Thursday, July 27, 2006

Rhetorical Necessity??

The recent deaths of four UN peacekeepers including one Canadian in southern Lebanon has elicited a myriad of responses from the chattering class. Predictably the majority opinion in the MSM has been decidedly anti-Israeli, with some going so far as to suggest that this was a deliberate attack on the UNFIL observers for some Machiavellian purposes.

Those who hold this position reek of stupidity rooted in a firm commitment to ignore the facts at all costs. The lefty spin and brainless attempts at revisionist reporting are beginning to wear thin.

Case in point. This assessment of the incident by CP reporter Sue Baily has the basic facts but ventures off on the usual tangent.


OTTAWA (CP) - Maj. Paeta Hess-von Kruedener, or "Maj. H.v.K." as he signed his e-mails, loved his work as a career soldier with a gusto that was his trademark.
Family, friends and former colleagues prayed for the best and braced for the worst as they waited for word on the UN observer's fate in one of the most precarious regions in the Middle East



Well you got that right Sue! The UNFIL observation post in question could be described as precarious. I laud your keen sense of the obvious. Tell me more Sue.

The incident is shaping up to be a major international embarrassment for Israeli leaders, who say the observer station was hit by accident.

But a preliminary UN report released to The Associated Press says the peacekeepers called the Israeli military 10 times in the hours leading up to the fatal strike, asking them to stop nearby bombings.

The debacle did not appear to soften Harper's support for Israel's powerful show of force.

Hmmmm....major embarrassment....unheeded pleas for mercy.......debacle.....and mean old Harper still supports the Israelis powerful show of force. Message received Sue. Not only do you have a keen sense of the obvious but your liberal use of hyperbole is supercalafragalisticexpealadocious. What else ya got Sue?
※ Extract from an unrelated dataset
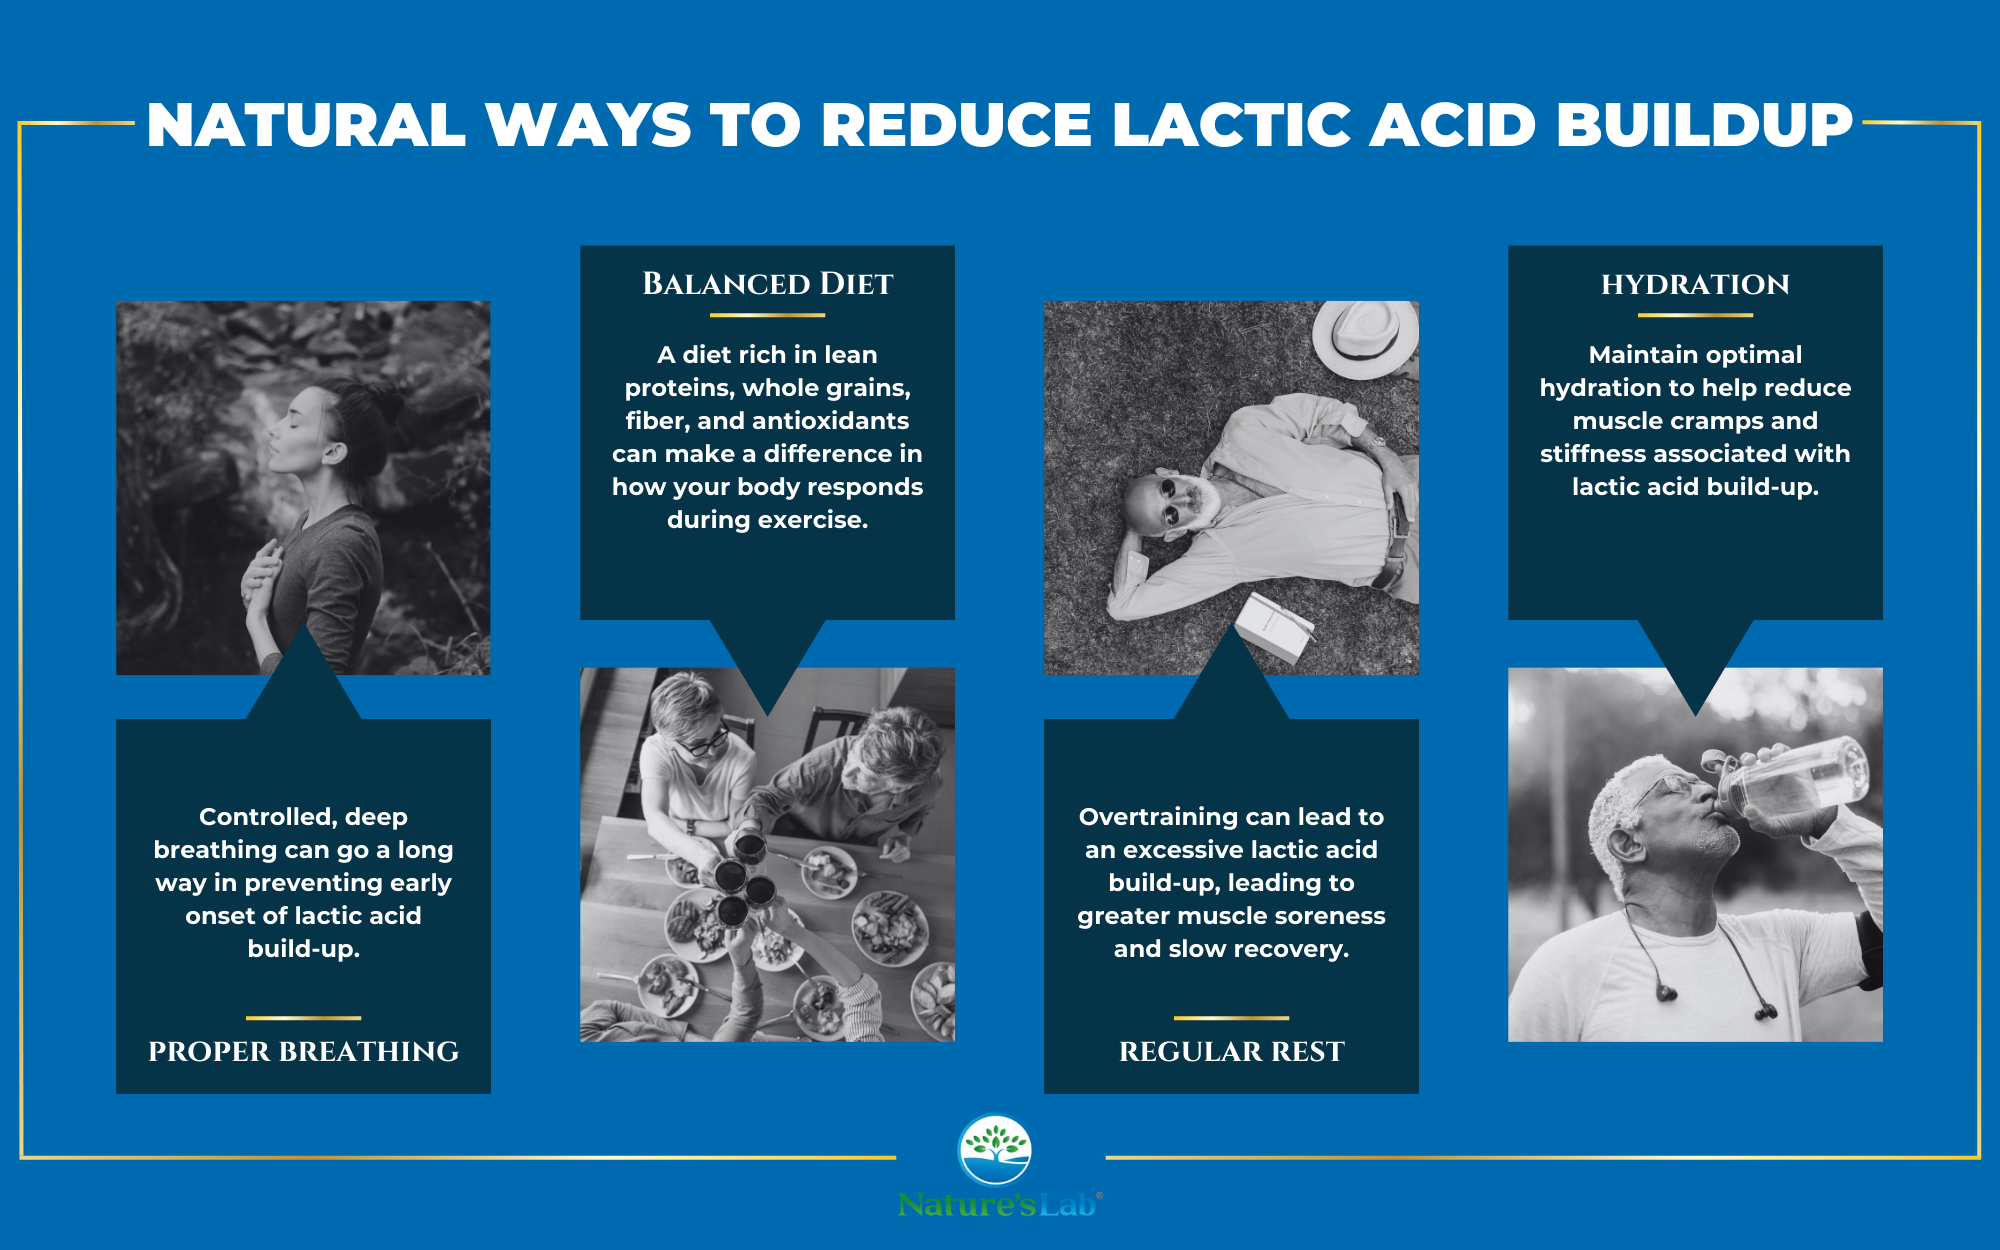 Natural ways to reduce lactic acid buildup infographic

Hess-von Kruedener described in a July 18 e-mail to CTV the growing chaos surrounding his UN post in Khiam, a dusty village about 10 kilometres from where the Israeli, Lebanese and Syrian borders intersect.

"What I can tell you is this: we have on a daily basis had numerous occasions where our position has come under direct or indirect fire from both artillery and aerial bombing," he wrote.

"The closest artillery has landed within two metres of our position and the closest 1,000-pound (450-kilogram) aerial bomb has landed 100 metres from our patrol base."

"This has not been deliberate targeting, but has rather been due to tactical necessity."

Aha!!! Thank you so much for including some facts in your article Sue!!! I guess even a blind squirrel finds a nut now and then. The really interesting thing about these facts is that they are the written words of the now dead CF officer. So how did Sue interpret this missive from Maj. HvK?? Well she didn't, rather she found someone with an opinion that supports her particular take on things.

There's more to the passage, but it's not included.